As a kid, my favorite sandwich was - handsdown - the Fluffernutter: peanut butter and Massachusetts' own Marshmallow Fluff, on (what else) white bread. (Although
 some of my sibs swore by it, I couldn't stand jam or jelly on it.) The Fluffernutter had some close competition: PBJ (with grape jelly), tuna salad (the way my mother made it, not the way Ellen Walsh's mother made it for her 7th birthday party, with green pepper it it), and the Gus (bacon, lettuce, cheese, and dill pickle) which my brother Tom (a.k.a. Gus) and I "invented." (It's still a go-to.) But, back then, if I had to pick one, it would have been the Fluffernutter. I wouldn't care to have one now, and I can't think of any Massachusetts food that would be a candidate for our grossest.
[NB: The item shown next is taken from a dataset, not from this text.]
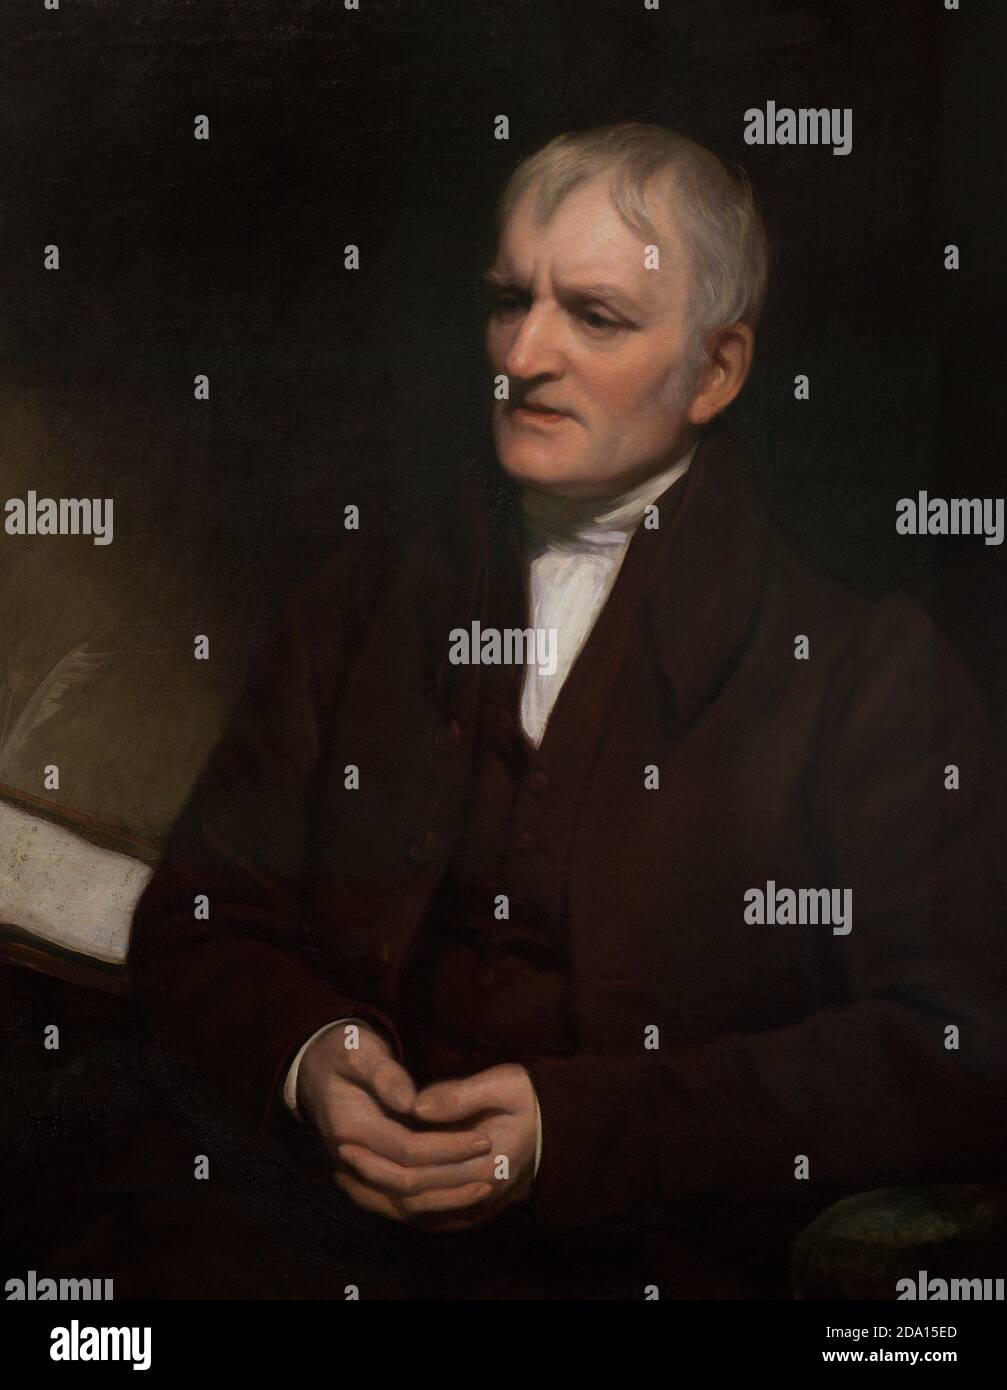 John Dalton (1766-1844). English chemist, physicist and meteorologist. Best known for introducing the modern atomic theory into chemistry. Portrait by Thomas Phillips (1770-1845). Oil on canvas (91,4 x 71,4 cm), signed and dated 1835. National Portrait Gallery. London, England, United Kingdom. Stock Photo

Sure, there's also no other food I can think of that turns to cement when you get to the bottom of the jar. But JUST YOU DON'T GO PICKING ON FLUFF!

And what can anyone possible have against grapenut ice cream, which was named New Hampshire's grossest. Sure, you can break a tooth on one of those bits of grapenut in there, but I love grapenuts ice cream. Then again, I'm a fan of New England ice cream flavors in general. Maple walnut. Maine black bear. I even like frozen pudding ice cream. It's quite hard for me to believe there isn't something nastier that comes out of the state of New Hampshire, especially if you head north...

Although Thrillist calls it "insanely delicious," Rhode Island's chop suey sandwich - the kind of chop suey that comes out of La Choy cans with some pork tossed in, on a hamburg bun - sounds pretty dreadful to me. Even worse, though, was a sandwich I once saw my grandmother - surely one of the worst cooks to ever walk the face of this earth - serve my Uncle Charlie: American Chop-Suey (a.k.a., hamburg and macaroni, with bacon, in tomato soup), refried in my grandmother's never-off-the-stove skillet, on white bread. I love American Chop-Suey. In fact, I made some just about a month ago. I just don't love it on white bread, after it's been swirled around in the grease in my grandmother's cast iron frying pan.

Vermont gets it for raw milk. Errrr, no thanks. That Louis Pasteur was a pretty smart guy...

No Fluff in the house, and there probably never will be, so I'm off to make a PBJ.